A very important distinction can be seen in the last four words, "technically distinct corporate entities." In other words, a substantive consolidation can involve entities that are not part of a vertical chain. This distinction can also be seen in Helena Chem. Co. v. Circle Land and Cattle Corp. (In re Circle Land and Cattle Corp.), 213 B.R. 870 (Bankr. D. Kan. 1997), where the court observed (quoting Epstein, et al., 1 Bankruptcy 26 (West 1992)):

Substantive consolidation should not be confused with either the corporate law concept of piercing the corporate veil or the bankruptcy law concept of joint administration. Unlike piercing the corporate veil, substantive consolidation does not seek to hold shareholders liable for acts of their incorporated entity. [Note: A substantive consolidation applies to all types of business entities.]

What does substantive consolidation actually mean? First, it is important to remember that a substantive consolidation is used by a Bankruptcy Court to consolidate the assets and liabilities of affiliated entities in bankruptcy. No specific provision in the U.S. Bankruptcy Code would allow for substantive consolidation. It is a judicially created doctrine derived from general equitable powers of Bankruptcy Courts pursuant to Section 105(a) of the Bankruptcy Code (11 U.S.C. §105(a)). Because there is no clear statutory guidance for how a bankruptcy judge determines if a trustee's request to apply substantive consolidation should be granted, each case is different.

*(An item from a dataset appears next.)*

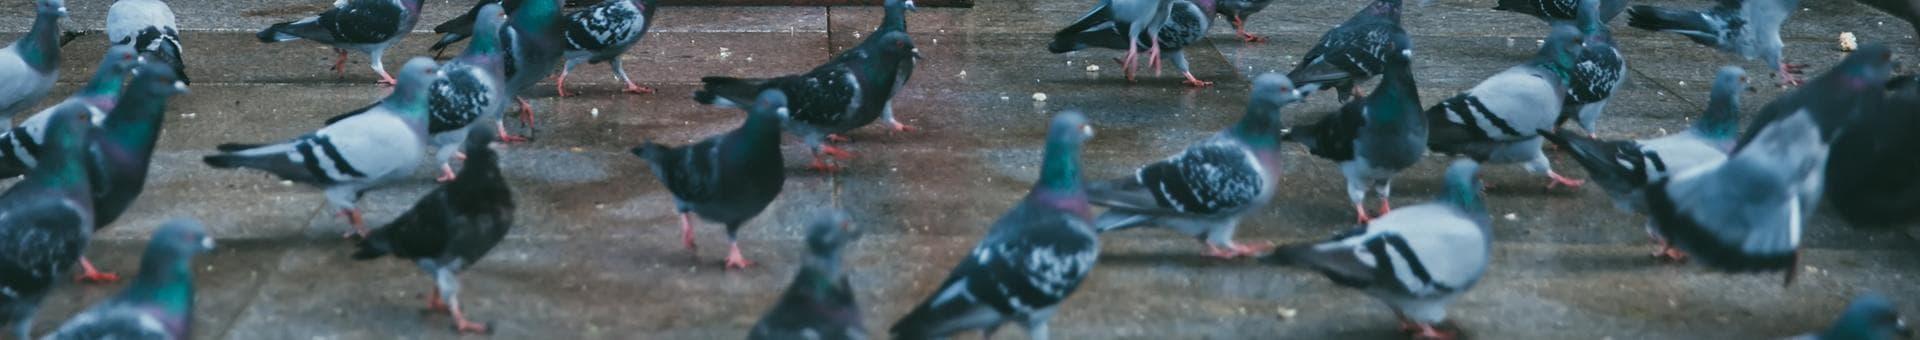 Pigeon Netting London  Bird Pest Control London Regional Environmental  Services. Sm London Rodent Control

One recent case is Lassman v. Cameron Construction LLC (In re Cameron Construction & Roofing Co.), No. 15-01121(Bankr. D. Mass. 12/14/16),in which the trustee asked the court to consolidate a construction corporation and a separate LLC that were majority owned and controlled by the same person who owned the real property the corporation used in its business.The court determined that the trustee would have to demonstrate that the assets and liabilities of the entities were "so intertwined that it would be impossible, or financially prohibitive, to disentangle their affairs" and the potential benefits of consolidation outweighed "any potential harm to interested parties." In this case the trustee was able to show that:

  • There was no written lease for the property between the corporation and the LLC;
  • Amounts paid as rent appeared to have been above fair market value (FMV);
  • Amounts paid to the spouse of the majority owner of the entities were above FMV and were paid disproportionately by the LLC;
  • Work done by employees of the operating company for the benefit of the LLC were apparently not paid for; and
  • Ownership of the LLC was significantly disproportionate to the capital contributed.

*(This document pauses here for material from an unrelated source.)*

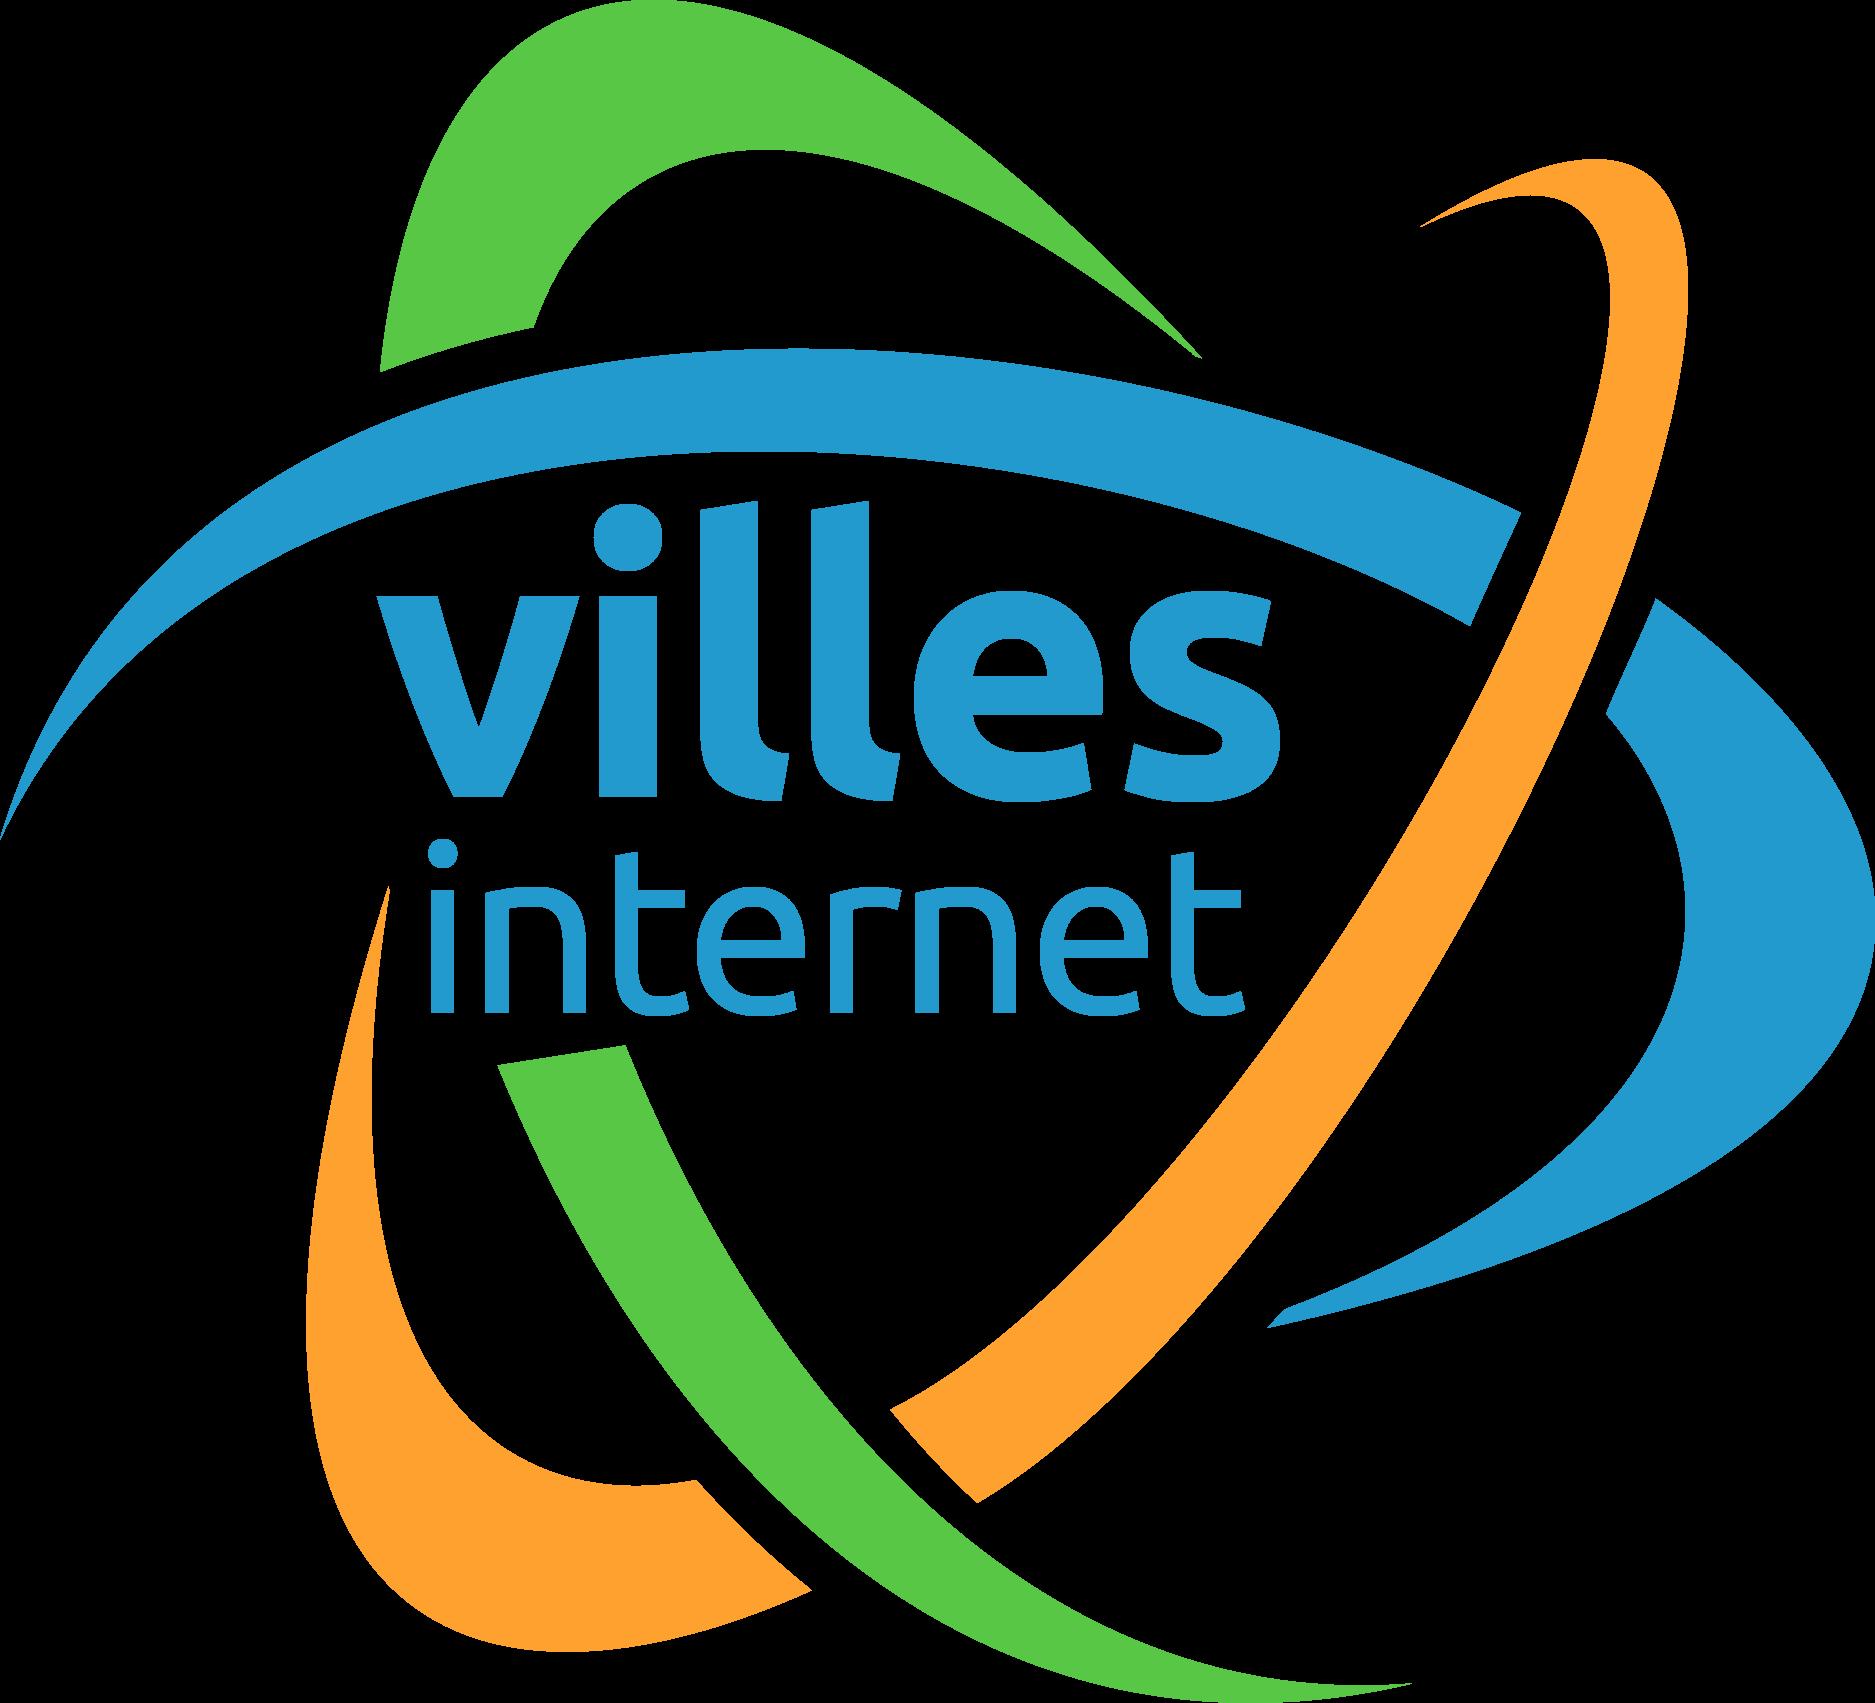 (c) Villes-internet.net

It is important to note that the two related entities maintained separate books and records, filed separate tax returns, and made all required annual filings.

The judge ruled in favor of the trustee so the assets and liabilities could be used to satisfy the creditors' claims in bankruptcy.

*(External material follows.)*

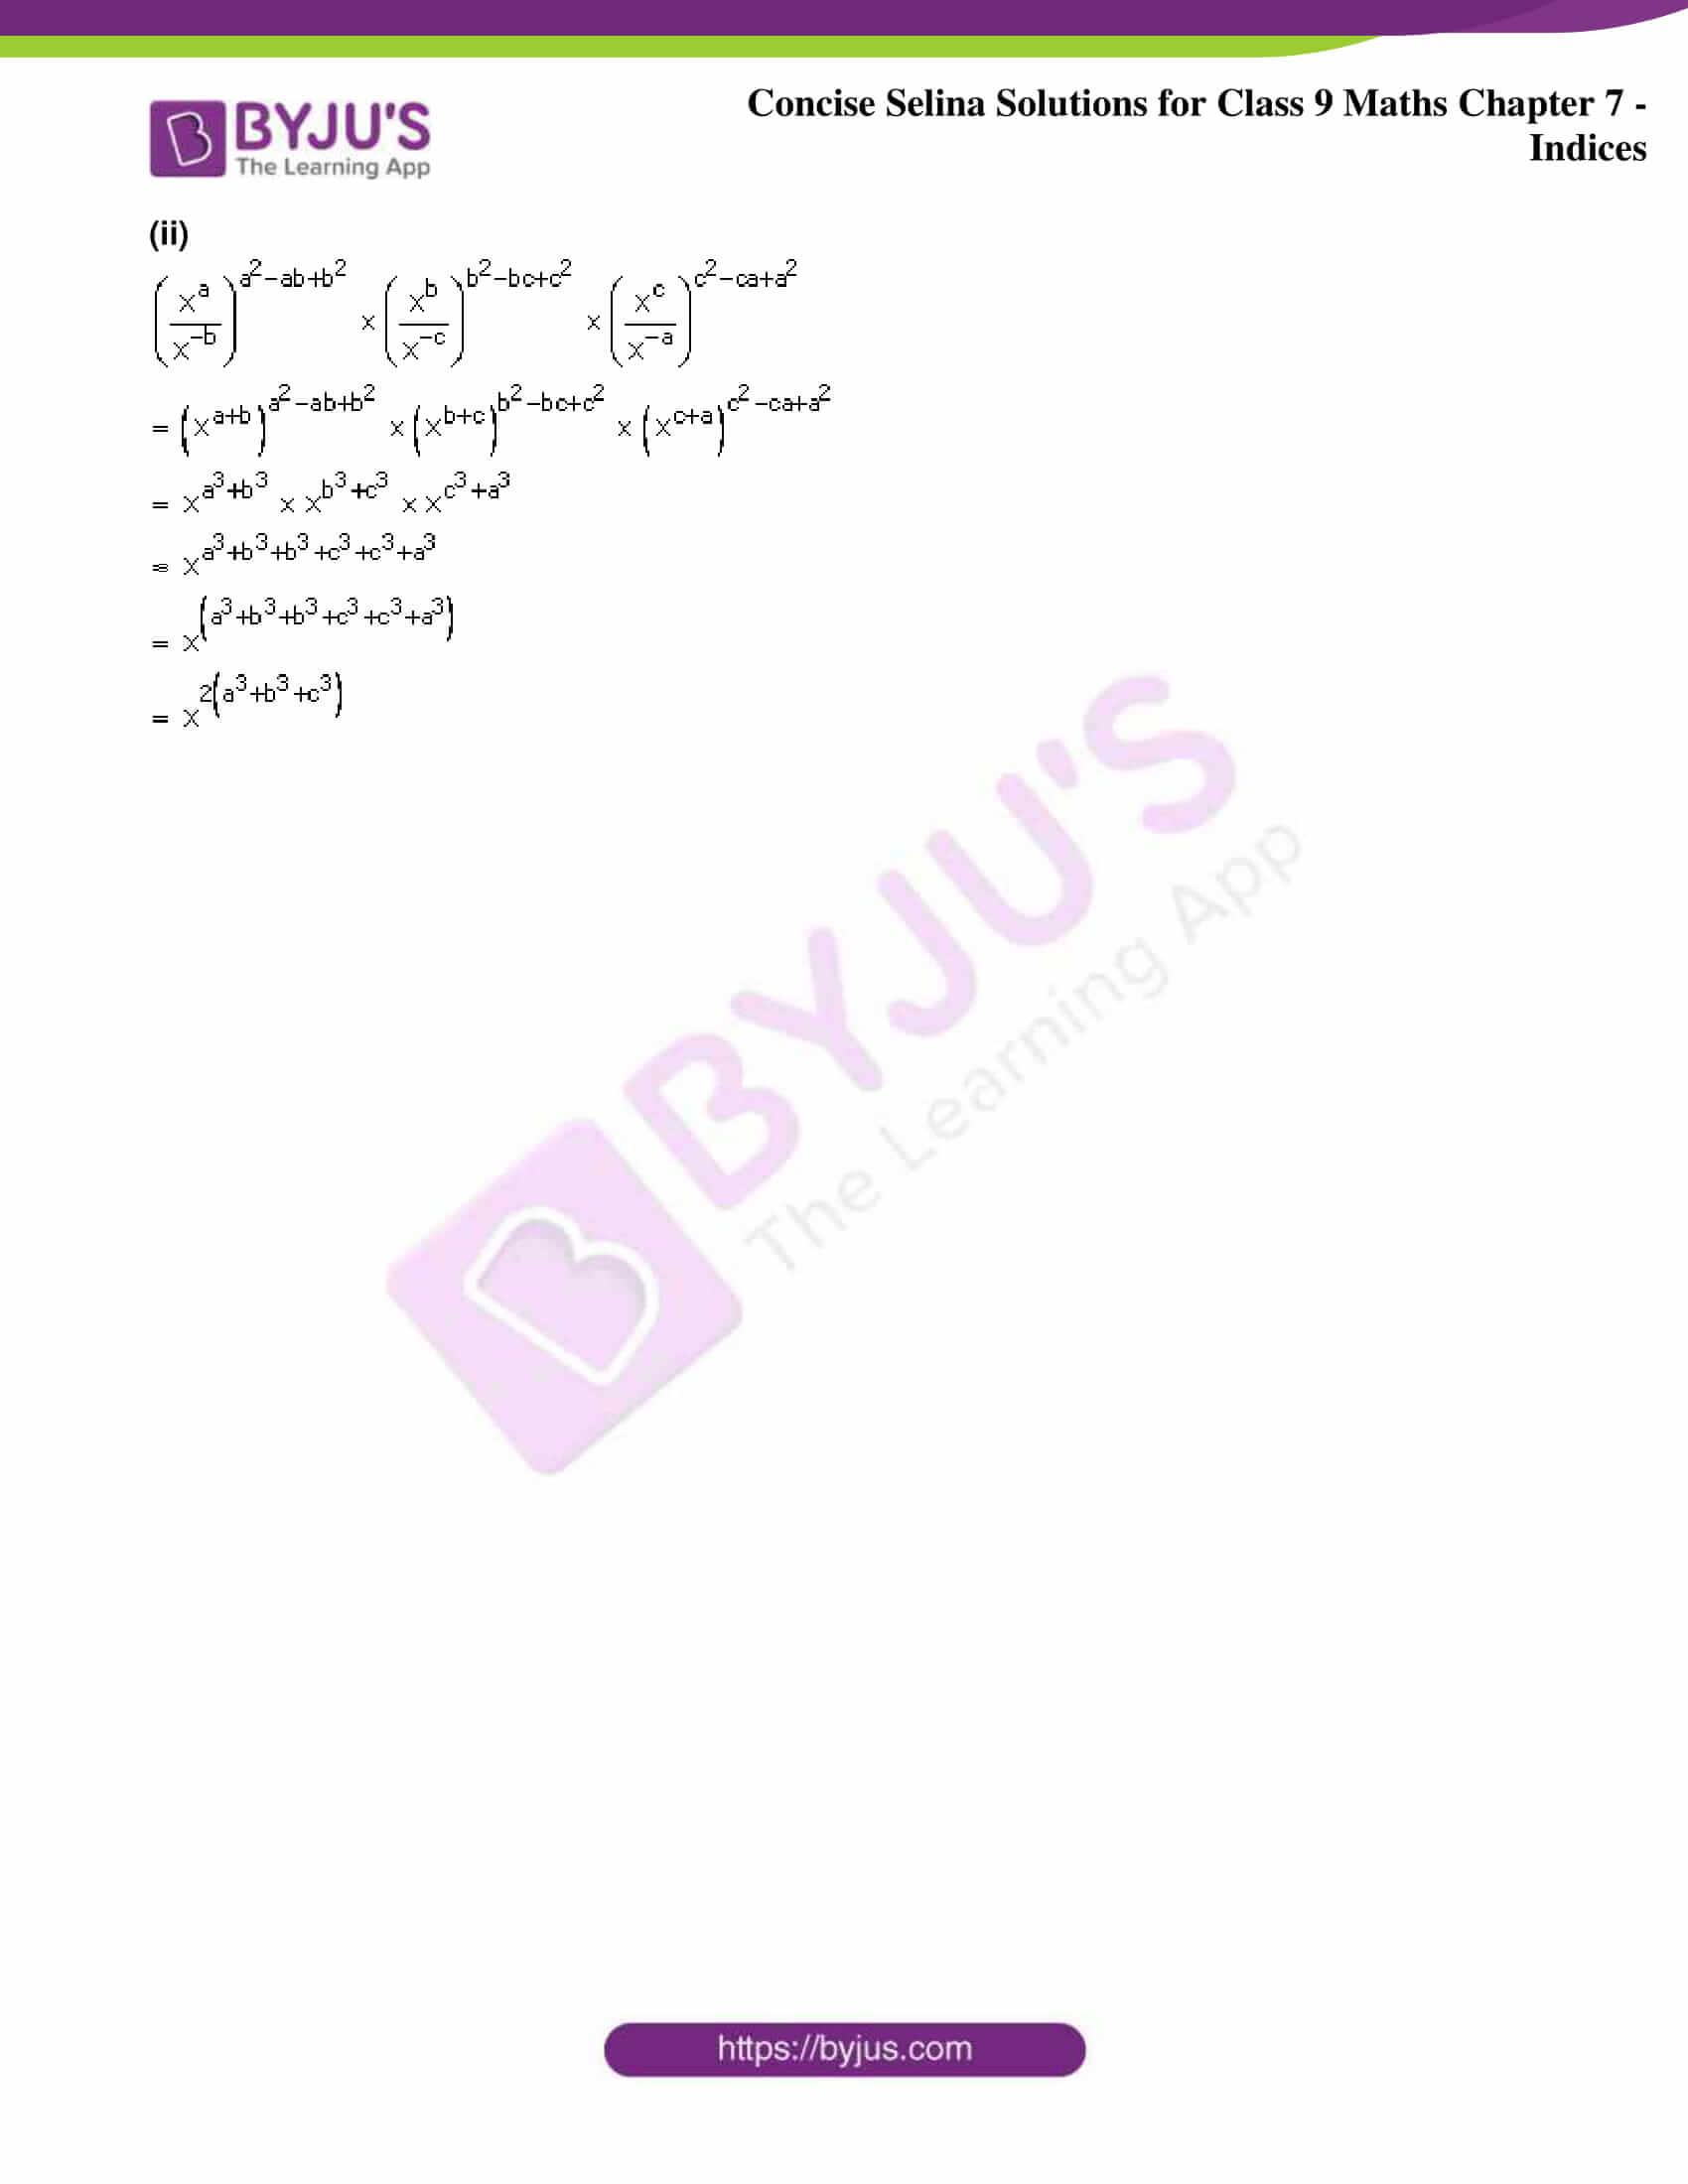 icse class 9 jun8 maths selina solutions chapter 7 indices 08

Another case is Spradlin v. Beads and Steeds Inns, LLC (In re Howland), No. 16-5499 (6th Cir. 1/3/17). This case is different in that the individuals were in bankruptcy, not the entity. The individuals operated a horse farm/bed and breakfast in Kentucky; the property was owned by their LLC. In December 2010, they sold the property to an unrelated third party. It was not disputed whether the sale was for FMV. However, the individuals and their LLC then leased the property back from the buyer for $1,000 per month, which was considered approximately 25% of FMV. Two years later, the individuals filed for bankruptcy. The trustee brought an adversarial action against the buyer, alleging the transfer of the property from the LLC to the buyer was fraudulent and done to evade the individuals' creditors. Because the LLC was not a party to the bankruptcy, the trustee argued that a reverse piercing of the corporate veil should apply. The judge rejected this argument for multiple reasons.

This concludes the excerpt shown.